[DATA Boundary: Start]

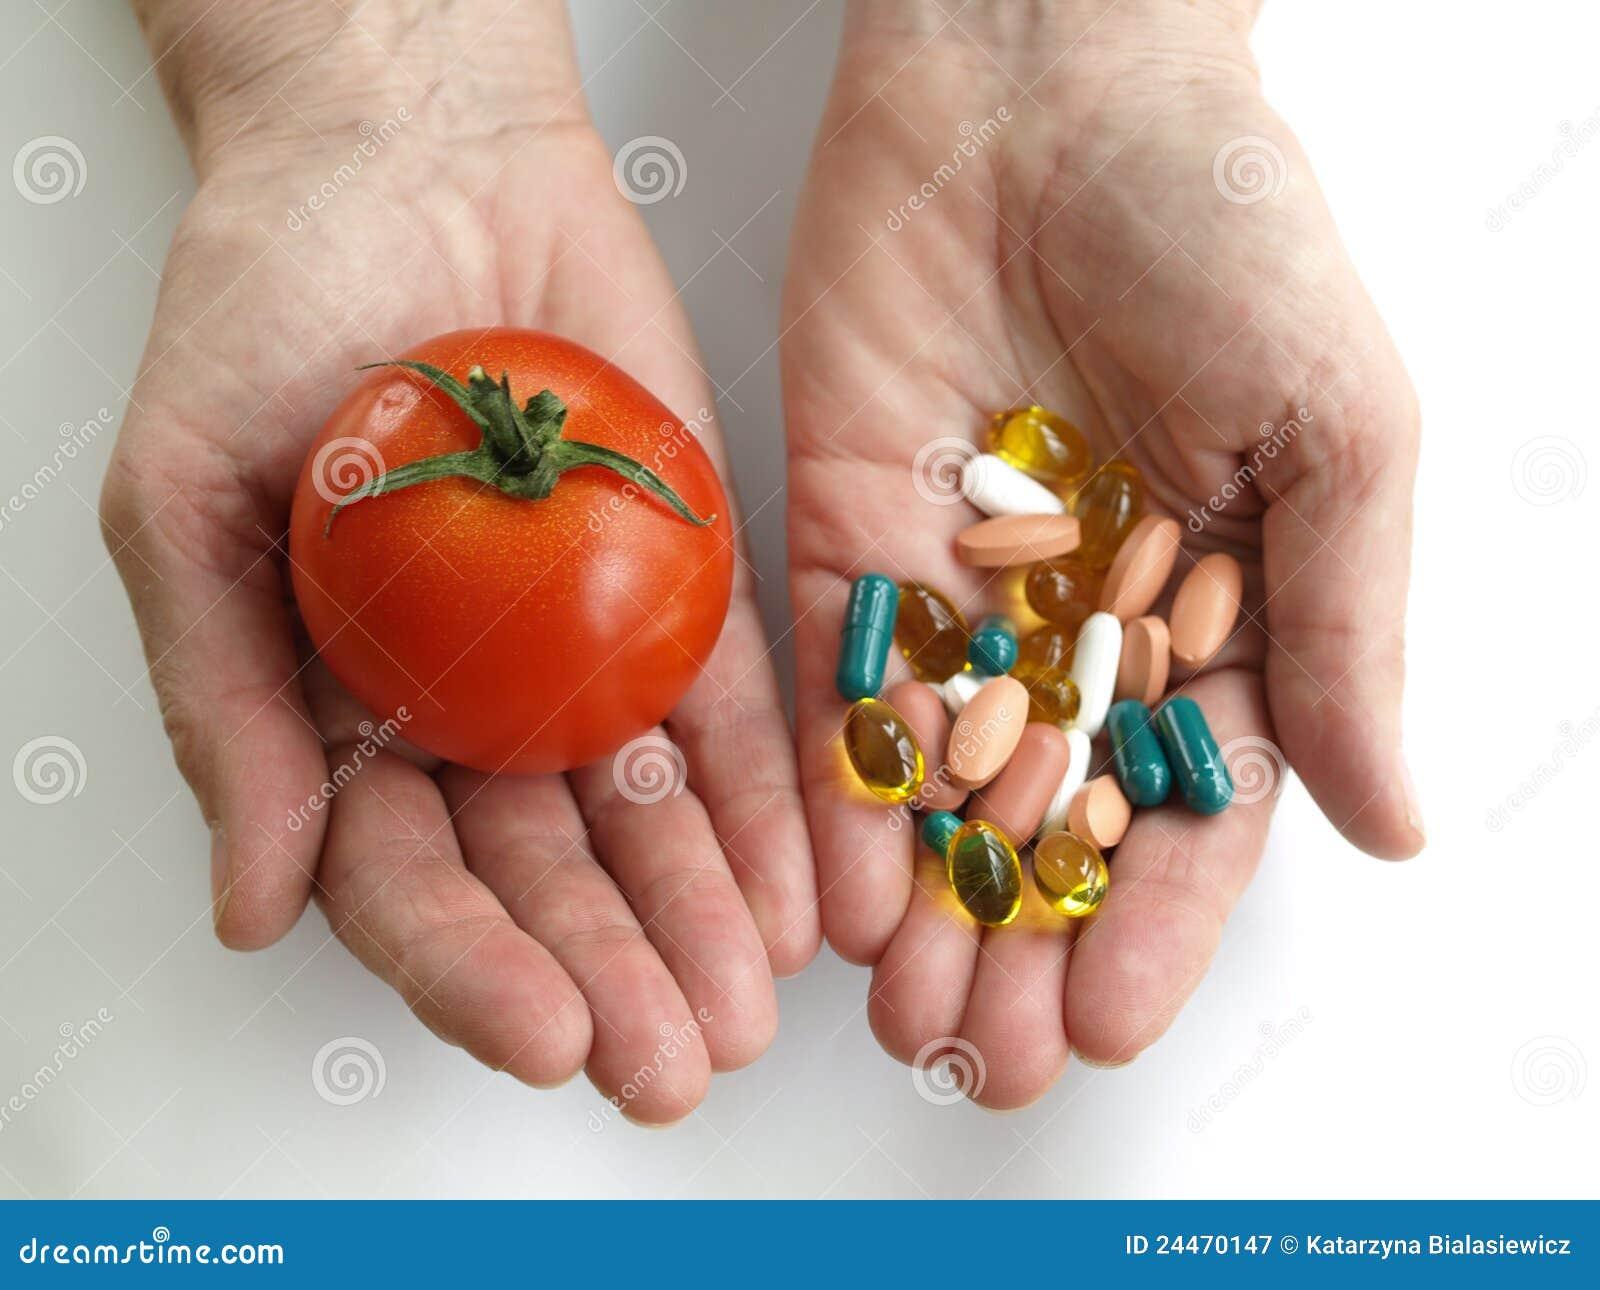 Tomato and handfull of pills
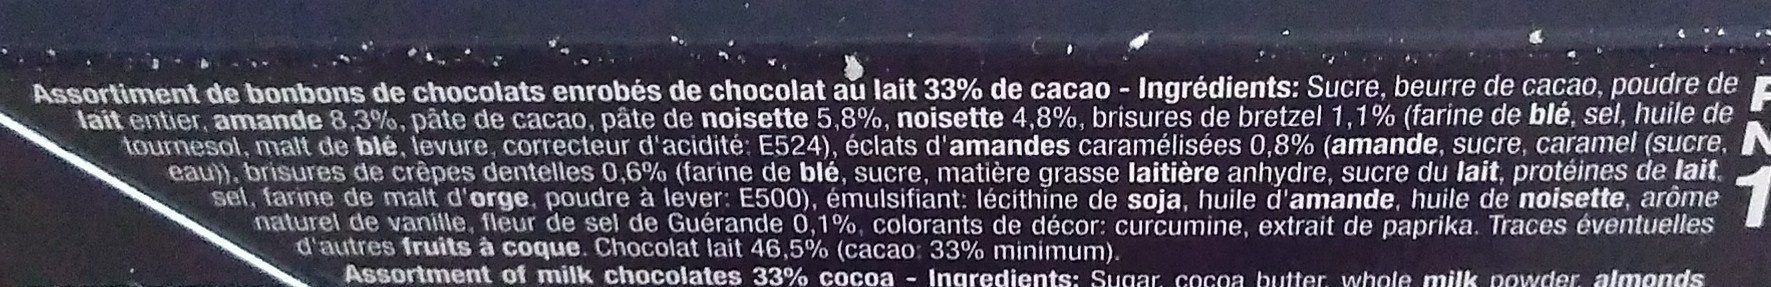 Assortiment de pralinés chocolat lait - Ingredients
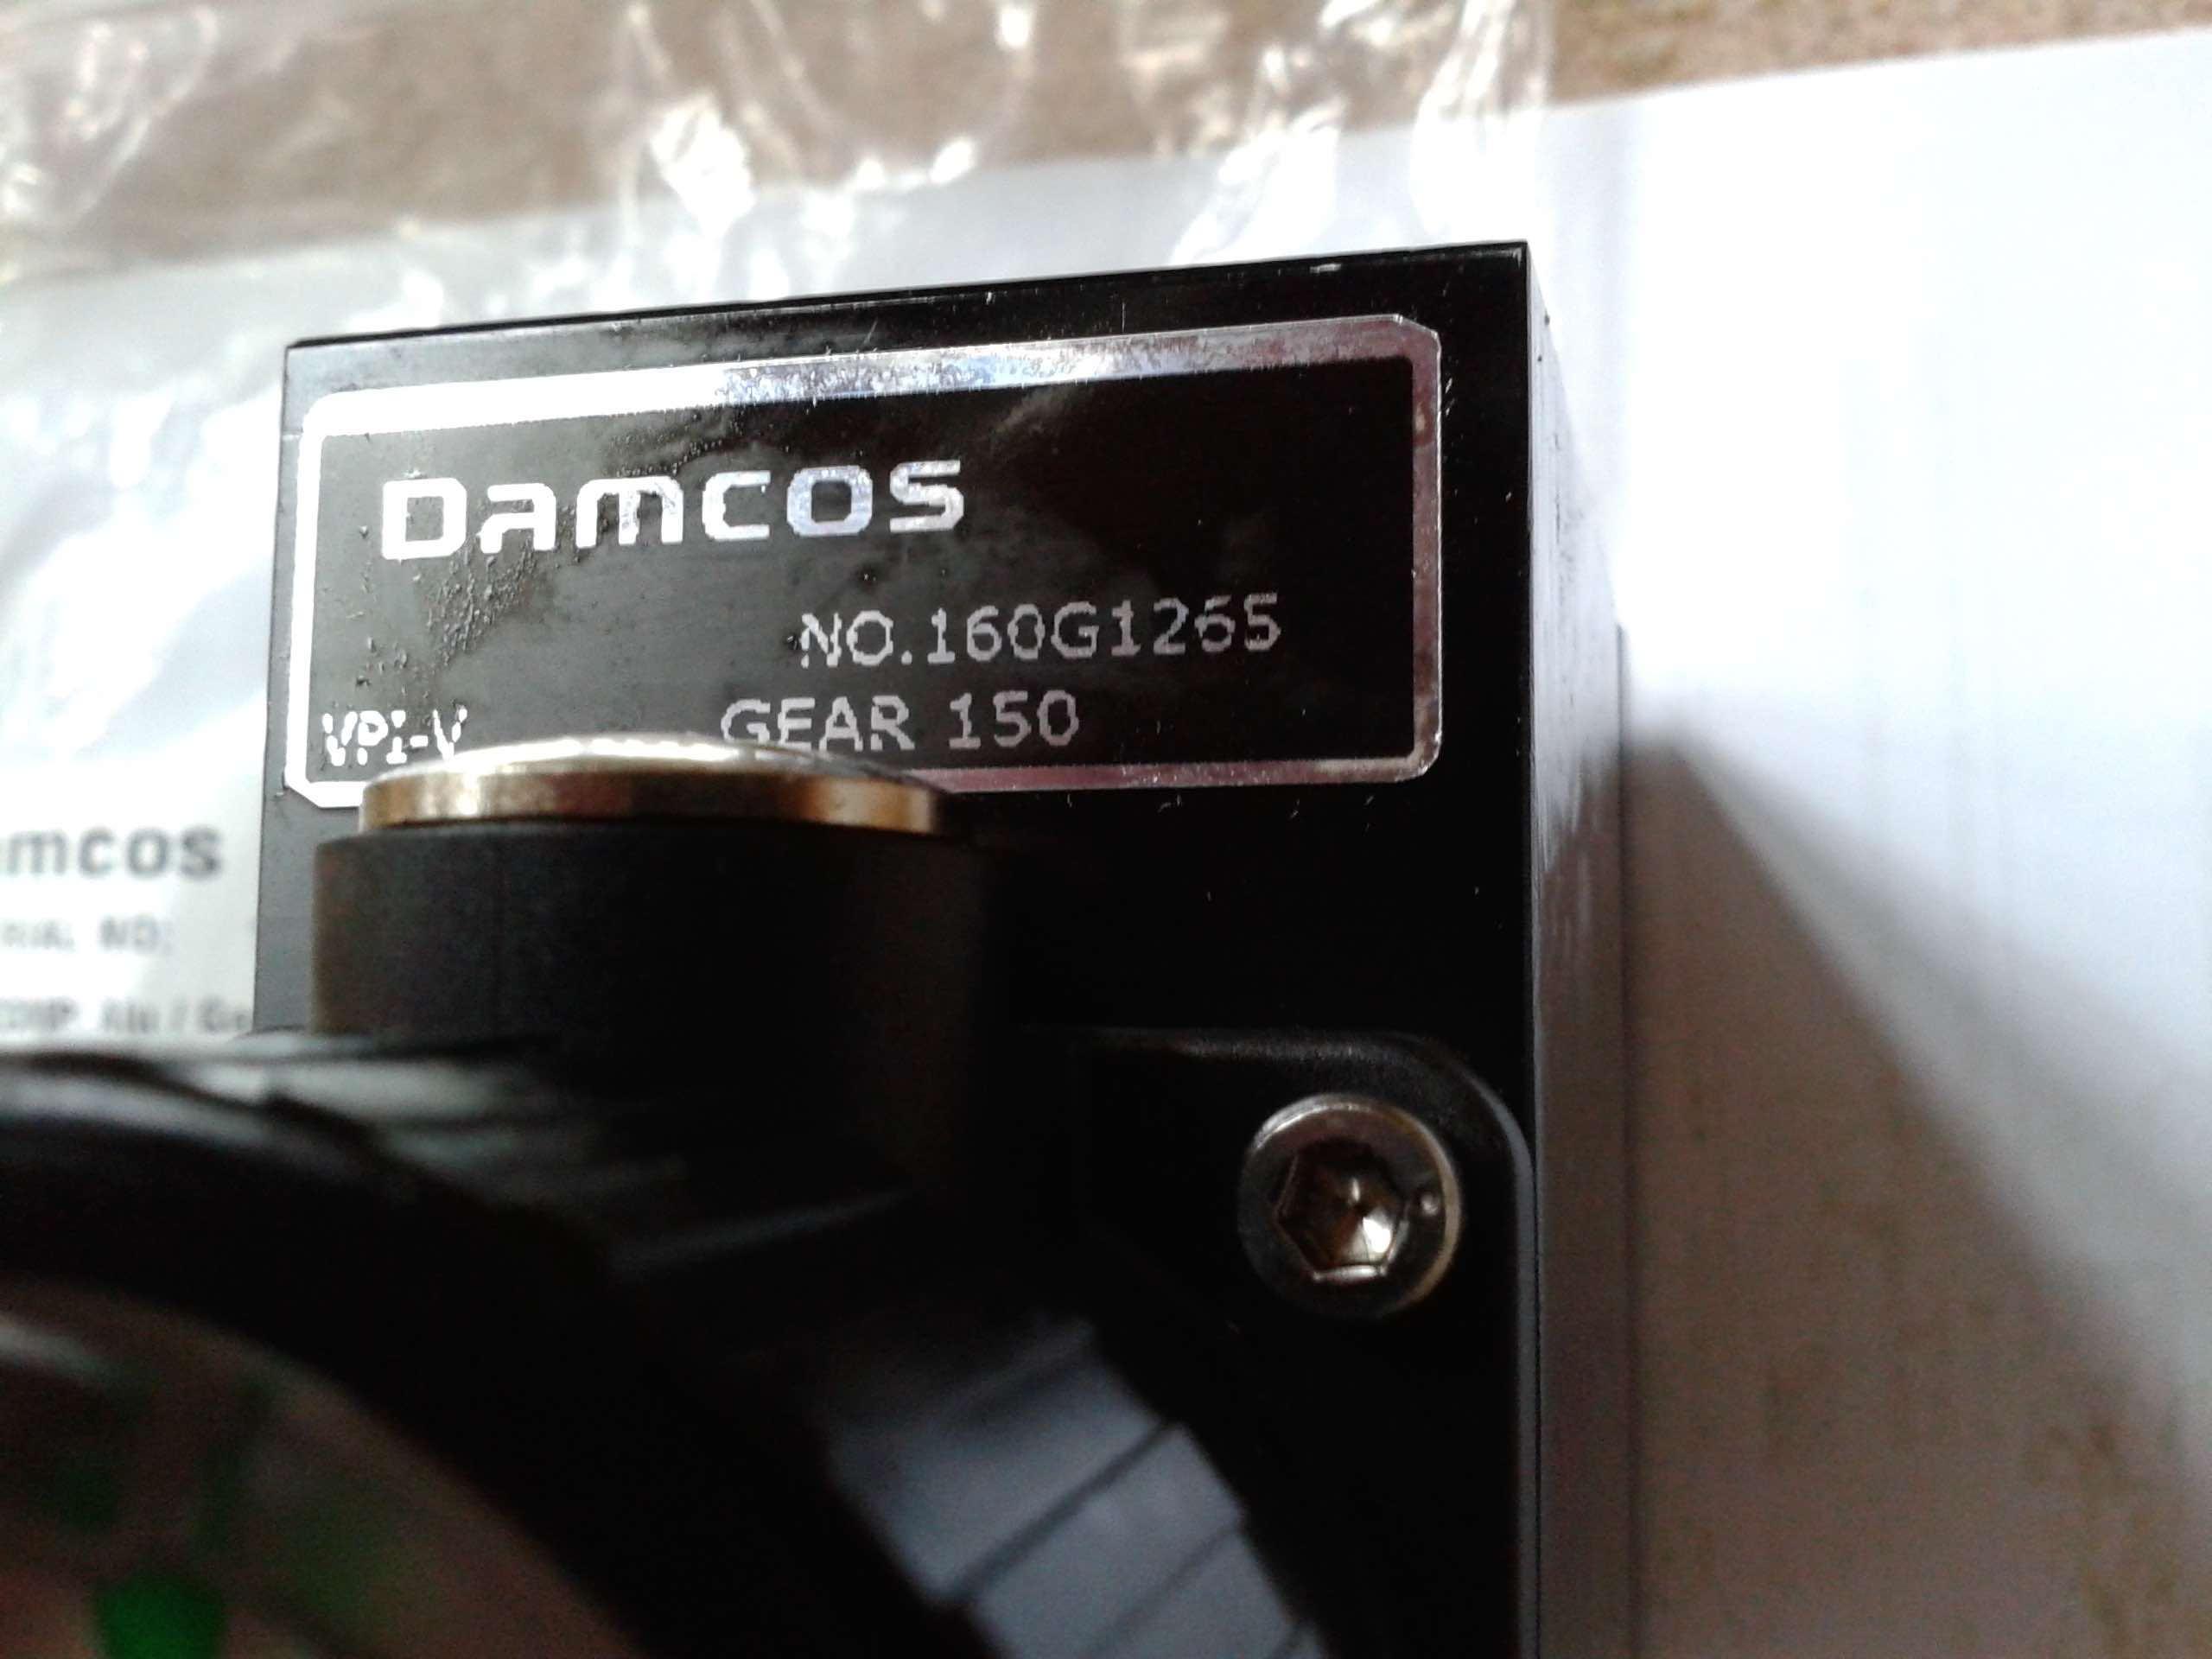 Damcos VPI-V 160G1265P (1)

[DATA Boundary: End]

### EXERCISE:
Please retype the material in full, exactly as it reads, apart from the images.

### EXERCISE OUTPUT:
 Tomato and handfull of pills
 Assortiment de pralinés chocolat lait - Ingredients
 Damcos VPI-V 160G1265P (1)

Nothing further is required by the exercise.